Q: Any predictions for the stock market in ‘23?

Binder: Last year was a difficult year for equities. The S&P 500 lost 19.4%, while the Dow Jones Industrial Average and the Nasdaq were down 8.8% and 33.1% respectively. This occurred in a year when S&P 500 earnings were positive. Price earnings multiples declined from approximately 21 times at the beginning of 2022 to a low of 15 times during the year. If the economy slows and heads into a recession as we expect, earnings estimates will likely be revised downward. This could cause volatility to increase in the first part of 2023. At some point during the economic slowdown, investors will look to a future recovery which would bode well for stocks. While we do see volatility in the first half of 2023, we believe that we will recover in the second half of the year and have an opportunity for a multi-year recovery.

With the office market ever-evolving and the war for talent continuing, companies are putting an increasingly concerted focus on appealing, flexible work packages that include hybrid and remote work.

— Greg Skalaski

Q: How would you advise an employee who is facing harassment and/or discrimination in the workplace?

Nguyen: An employee who is facing harassment and/or discrimination should immediately notify management and human resources. A common mistake that employees in such situations make is to assume that nothing will be done, or worse, that they will suffer retaliation. While that certainly does occur in the workplace, employees must put the burden on the employer to respond accordingly to such wrongful conduct as they are legally required to do. Should the employer fail, then the employee should immediately seek legal representation to protect their rights to be free from such harassment or discrimination.

Q: What opportunities do you see in investing in bonds?

Binder: The Federal Reserve has rapidly raised rates since March 2022 in an attempt to reduce inflation. For the first time in decades, it is possible to earn a reasonable yield on short-term, high-quality bonds. We recommend beginning to extend duration to lock in higher rates. We believe as we head into a potential recession, the yield curve will further invert, meaning the yield on the 10-year treasury will come down while the two-year rate will rise or stay where it is. There could also be an opportunity to trade out of short-term, high-quality bonds into intermediate, lower-credit bonds as credit spreads widen later in the year. Buying bonds at a discount that will mature at par while receiving an attractive coupon has the potential to provide high, single-digit returns in a relatively low-risk asset class.

Q: In a nutshell, what advice would you offer a brand new startup launching in 2023?

Liu: First, I would recommend they have a unique competitive business model - it’s not viable to simply be another version of something that already exists. They must have a product or service that is different and not easily replicated. Second, I would suggest they focus on cash flow. Many companies, especially those in the technology space, focus on revenue growth or eyeballs per click rather than the bottom line. They think if they are able to keep increasing the top-line revenue for their investors that’s all that matters but it is tremendously important for them to generate a positive cash flow that reduces cash burn so that they can build a sustainable business model.

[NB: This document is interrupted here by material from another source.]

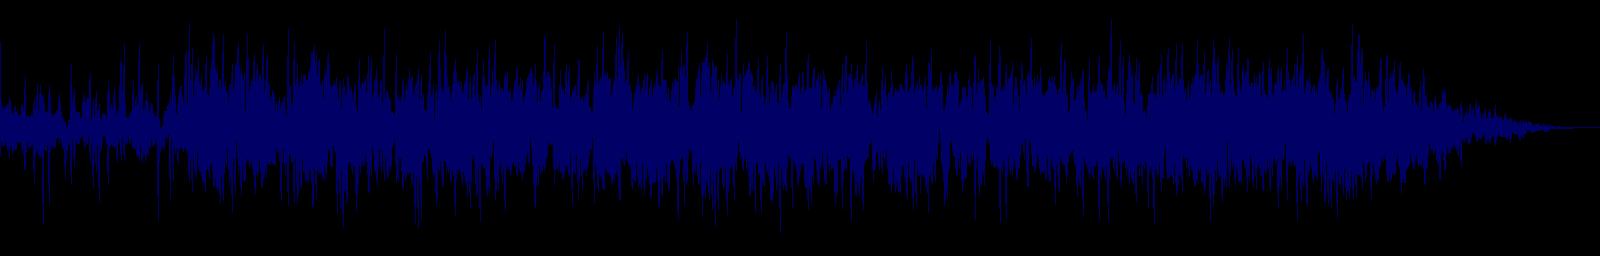 waveform of track #150011

Mark Binder is a financial advisor with UBS Financial Services Inc. a subsidiary of UBS AG. Member FINRA/SIPC. The information contained in this article is not a solicitation to purchase or sell investments. Any information presented is general in nature and not intended to provide individually tailored investment advice. The strategies and/or investments referenced may not be suitable for all investors as the appropriateness of a particular investment or strategy will depend on an investor's individual circumstances and objectives. Investing involves risks and there is always the potential of losing money when you invest. The views expressed herein are those of the author and may not necessarily reflect the views of UBS Financial Services Inc. The past performance of an index is not a guarantee of future results. Indices are not actively managed and investors cannot invest directly in the indices.